Segment Start: RAW DATA

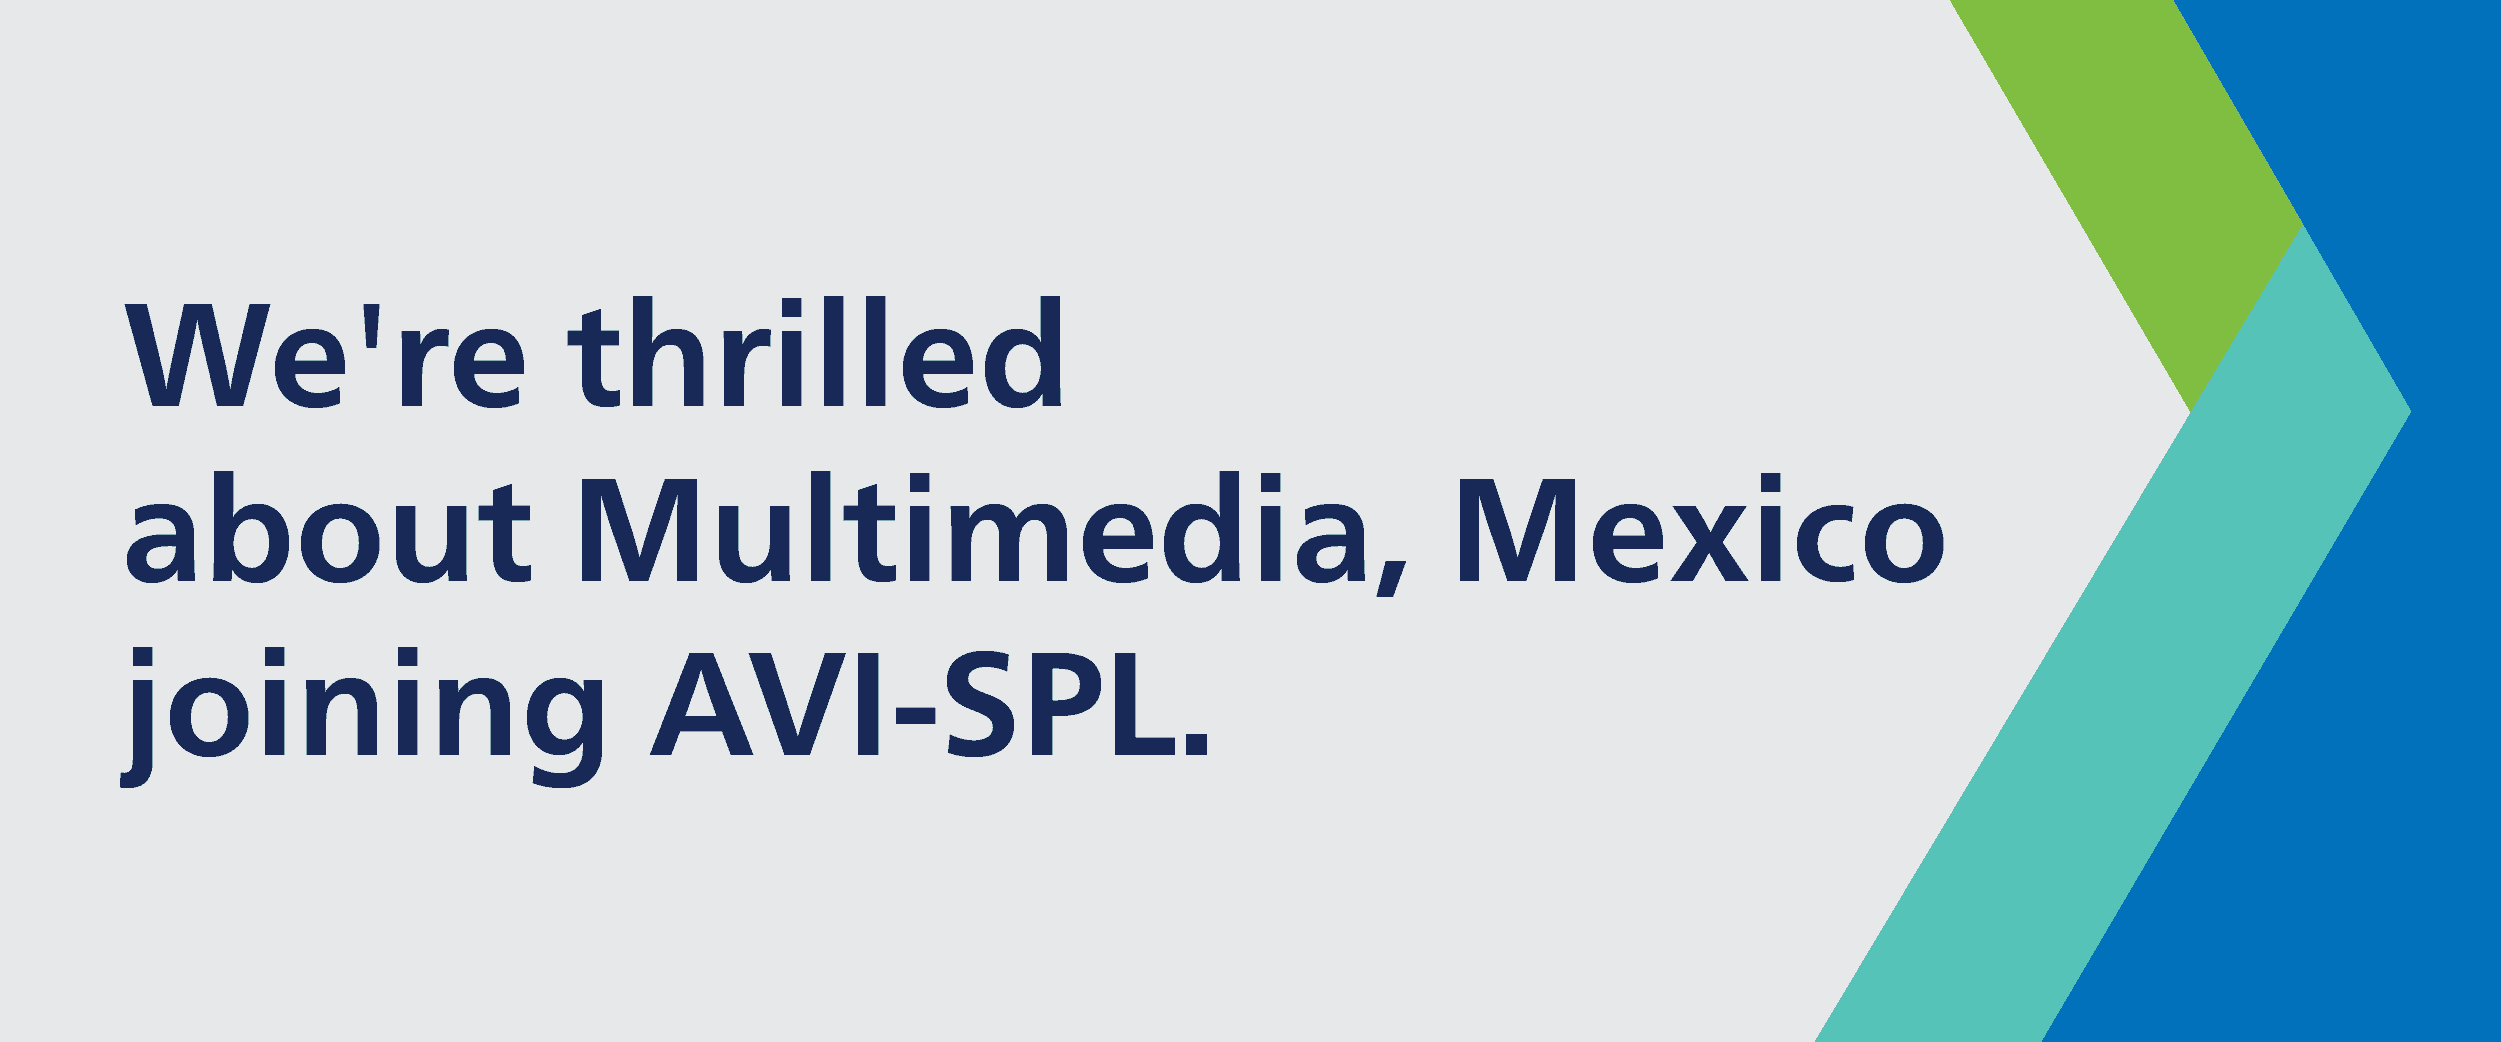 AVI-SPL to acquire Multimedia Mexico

Segment End: RAW DATA
Segment Start: RAW DATA

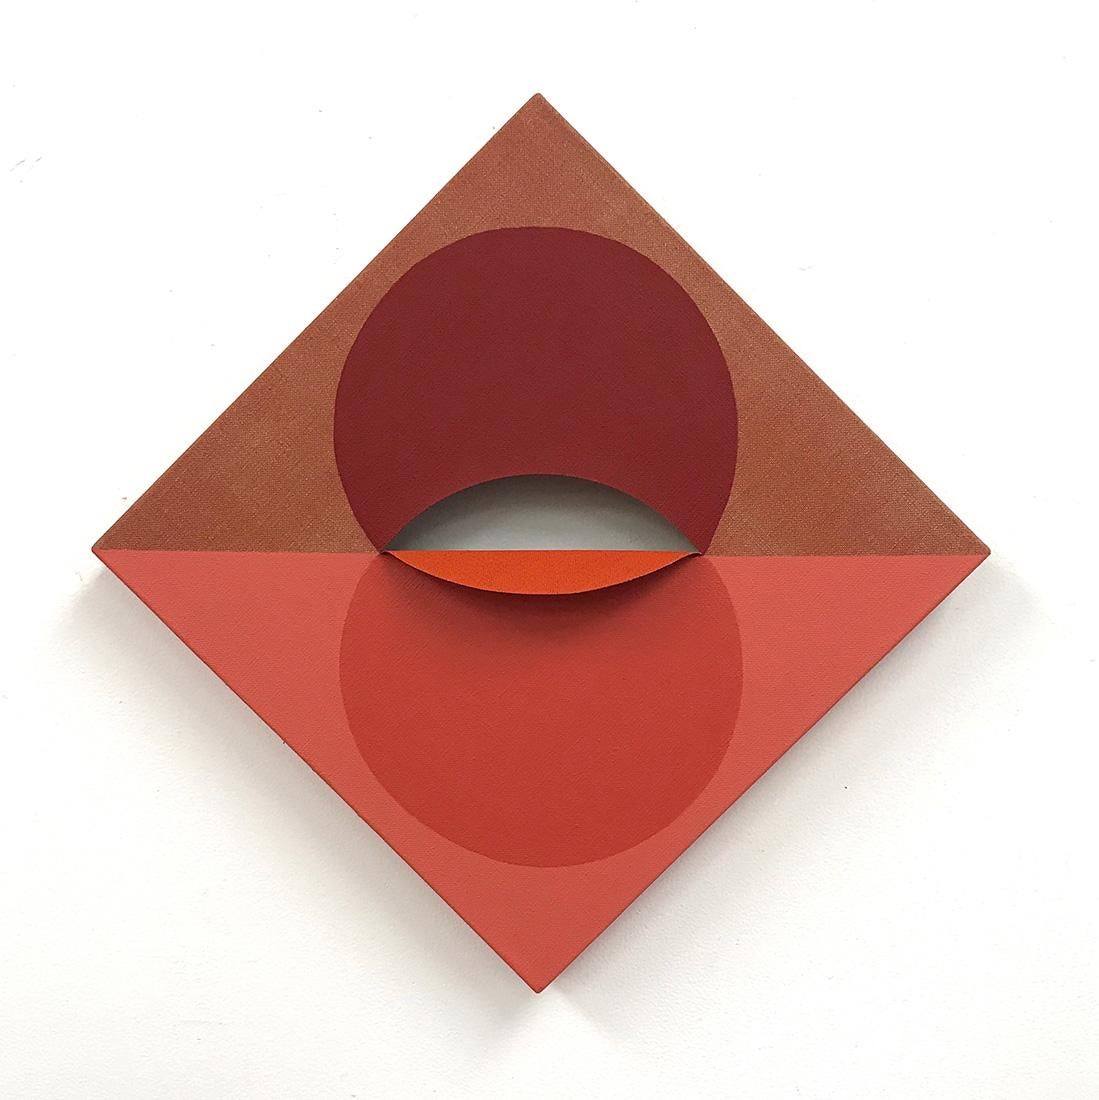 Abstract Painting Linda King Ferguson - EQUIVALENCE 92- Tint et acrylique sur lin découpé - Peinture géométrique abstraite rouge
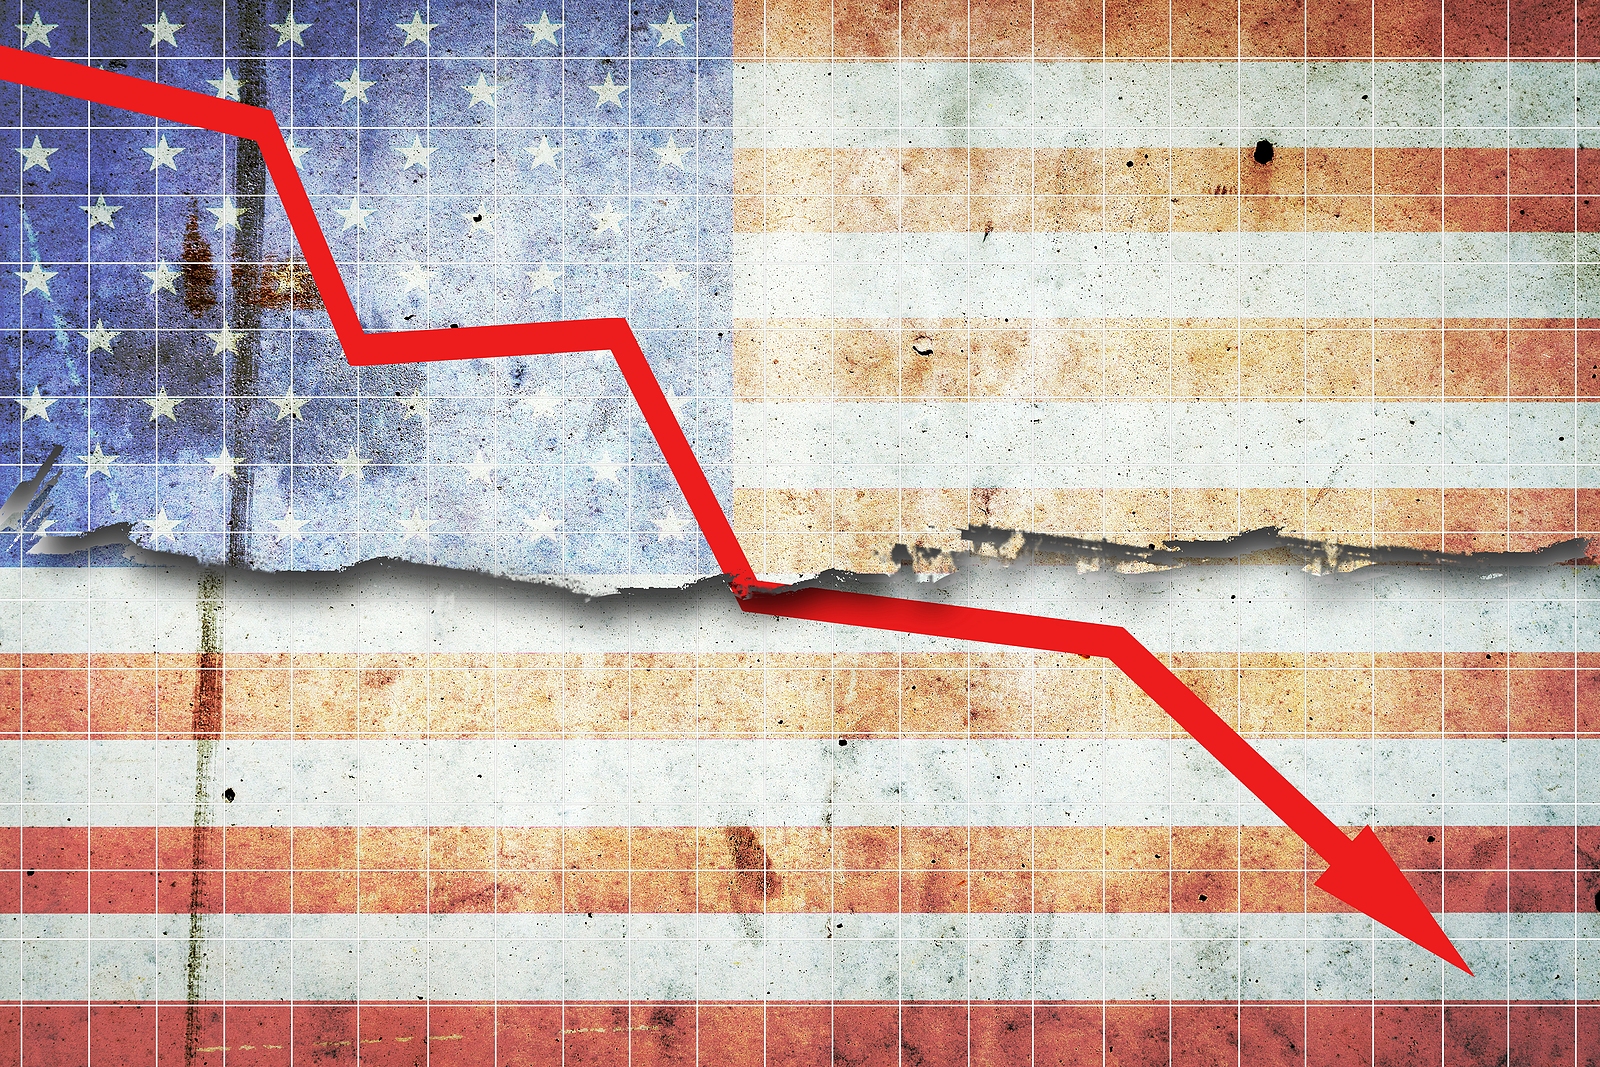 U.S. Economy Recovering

Segment End: RAW DATA
Segment Start: RAW DATA

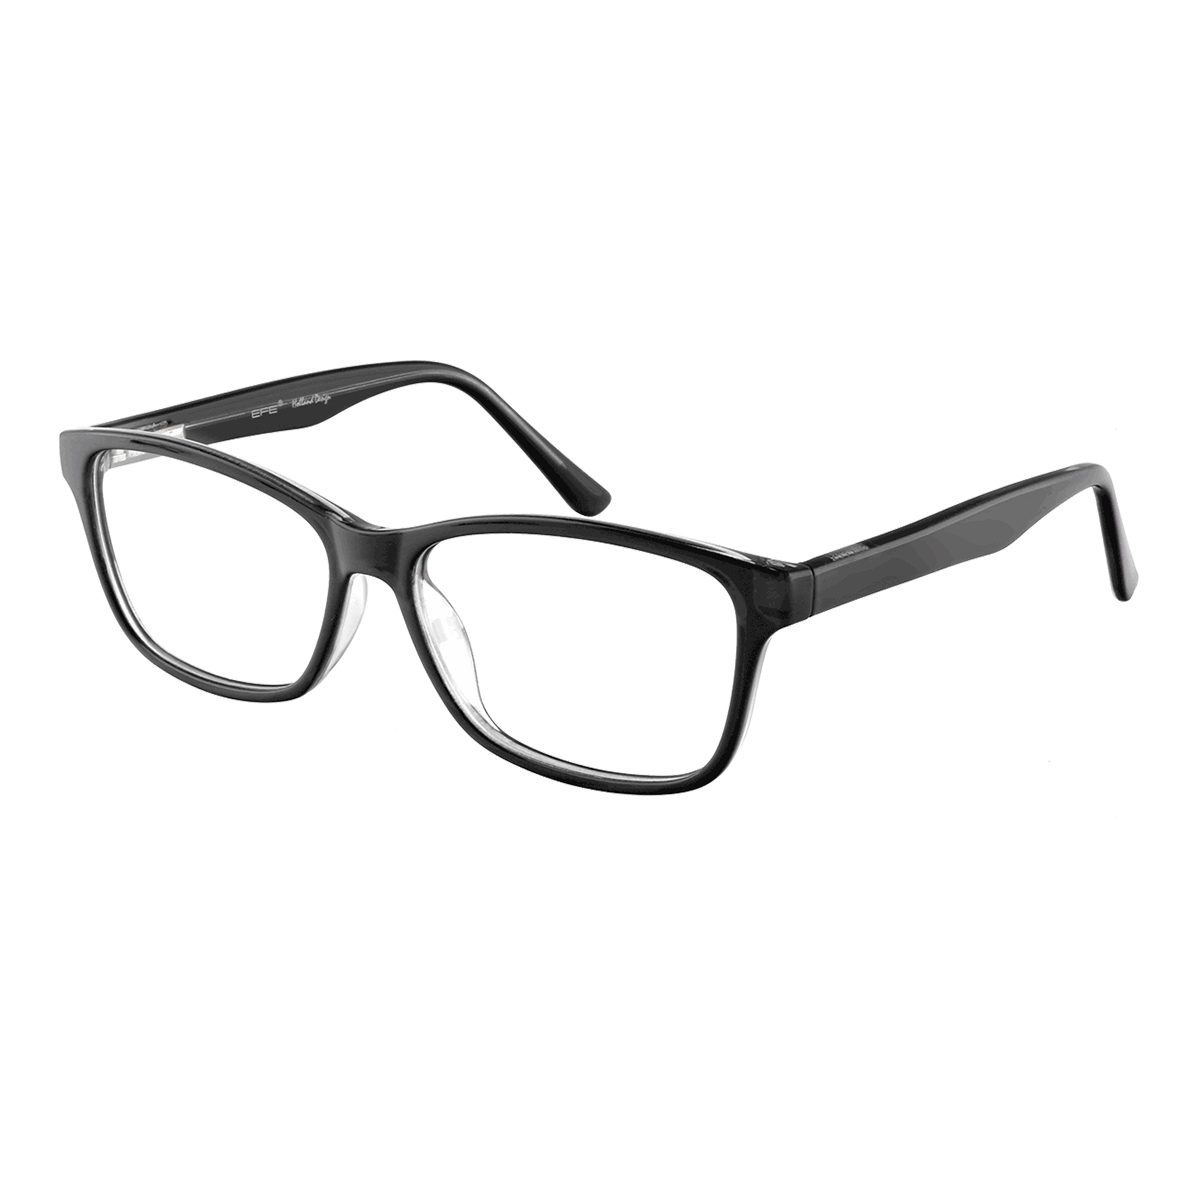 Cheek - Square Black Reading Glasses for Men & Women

Segment End: RAW DATA

_WHAT YOU ARE ASKED TO DO_
From the records above, write out exactly the lines that begin at the line with "Abstract Painting Linda" and end at the line with "U.S. Economy Recovering". Pictures must not appear in the output.

_SOLUTION FOR THIS EXERCISE_
 Abstract Painting Linda King Ferguson - EQUIVALENCE 92- Tint et acrylique sur lin découpé - Peinture géométrique abstraite rouge
 U.S. Economy Recovering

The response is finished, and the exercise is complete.